In 1938, he made Sevasadanam, advocating a better deal for women, the saint film Bhaktha Chetha, critiquing untouchability and the war effort film Maanasamrakshanam. His best-known work is Thyaga Bhoomi. Thyaga Bhoomi was a novel by Kalki Krishnamurthy, which was banned by the British government. He also directed the Malayalam film Prahlada (1941), which was scripted by noted playwright N. P. Chellappan Nair. He was one of the founders of Nadigar Sangam in 1952.

Filmography

 Pavalakkodi (1934)
 Naveena Sadaram (1935)
 Naveena Sarangadhara (1936)
 Kuchela (1936)
 Usha Kalyanam (1936)
 Balayogini (1937)
 Mr.
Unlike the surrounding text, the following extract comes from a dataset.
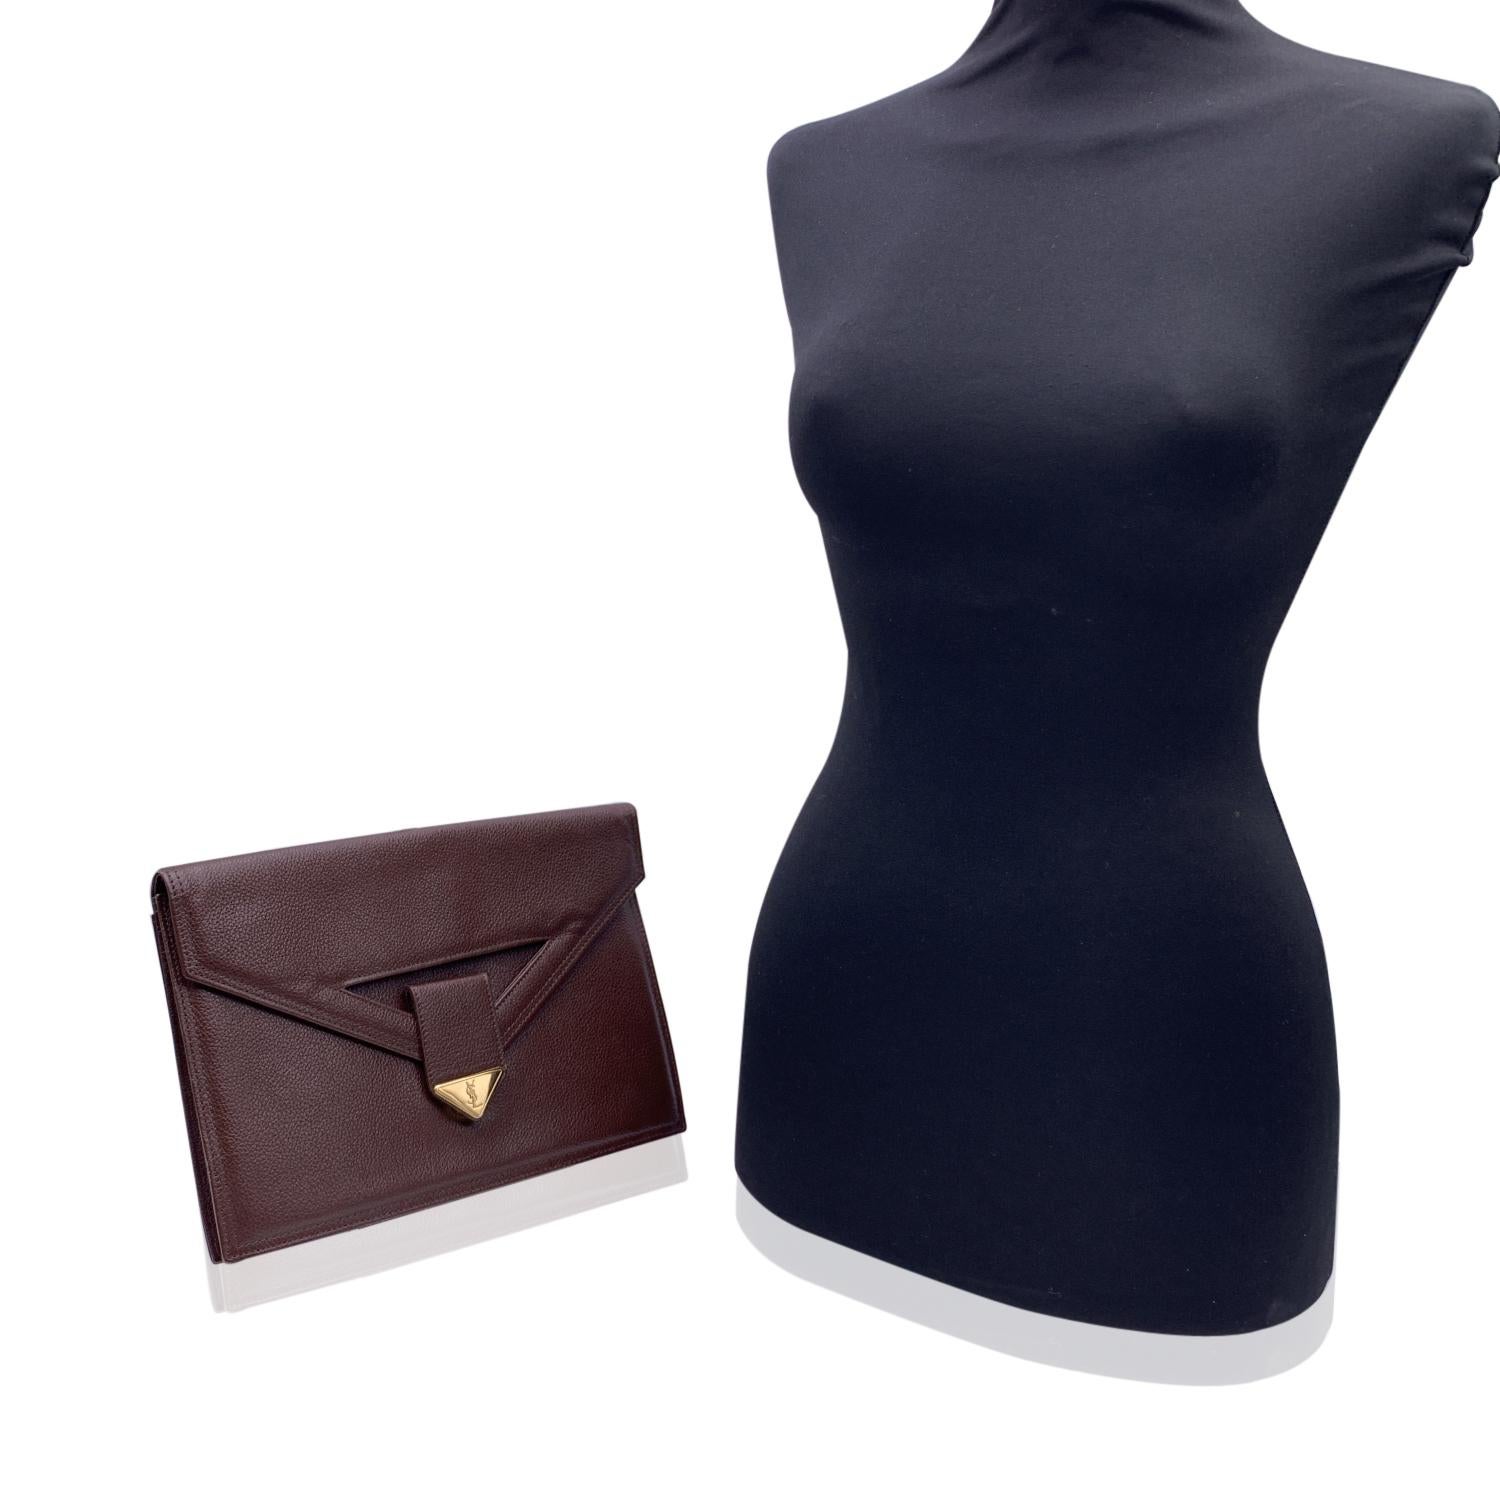 Yves Saint Laurent vintage clutch bag, crafted in brown eather. It features a flap with magnetic button closure on the front. Gold metal YSL logo tab on the front. 1 rear open pocket. Brown fabric lining. 1 side zip pocket inside. 'YVES SAINT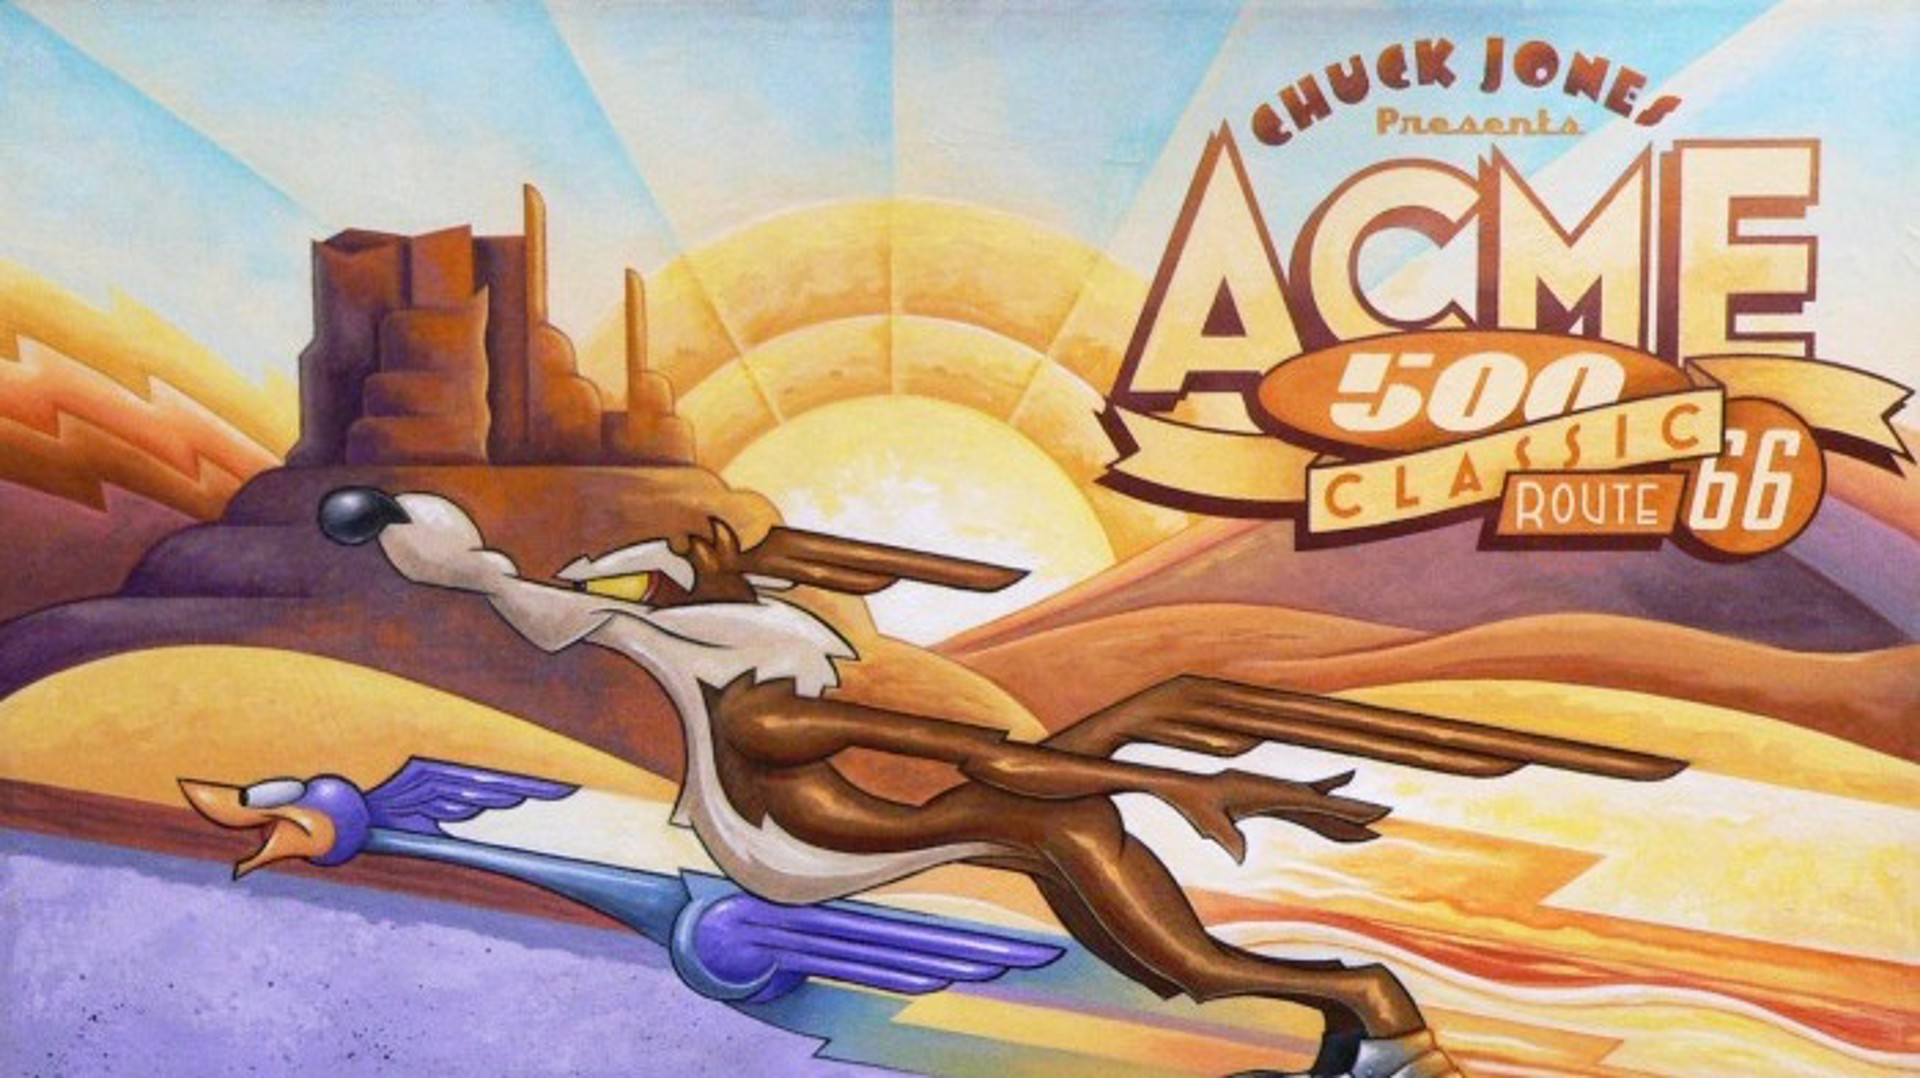 Acme 500 MKLE002 by Mike Kungl (Chuck Jones Collection)

Ammanchi (1937)
 Kowsalya Parinayam (1937)
 Sevasadanam (1938)
 Thyaga Bhoomi (1939)
 Bhaktha Chetha (1940)
 Prahlada (1941) (Malayalam)
 Ananthasayanam (1942)
 Barthruhari (1944)
 Maanasamrakshanam (1945)
 Vikatayogi (1946)
 Vichitra Vanitha (1947)
 Kapati Arakshakaya (1948) (Sinhalese)
 Gokuladasi (1948)
 Geetha Gandhi (1949)

References

External links

 - A rare song sung by Subrahmanyam from the film Ananthasayanam (1942)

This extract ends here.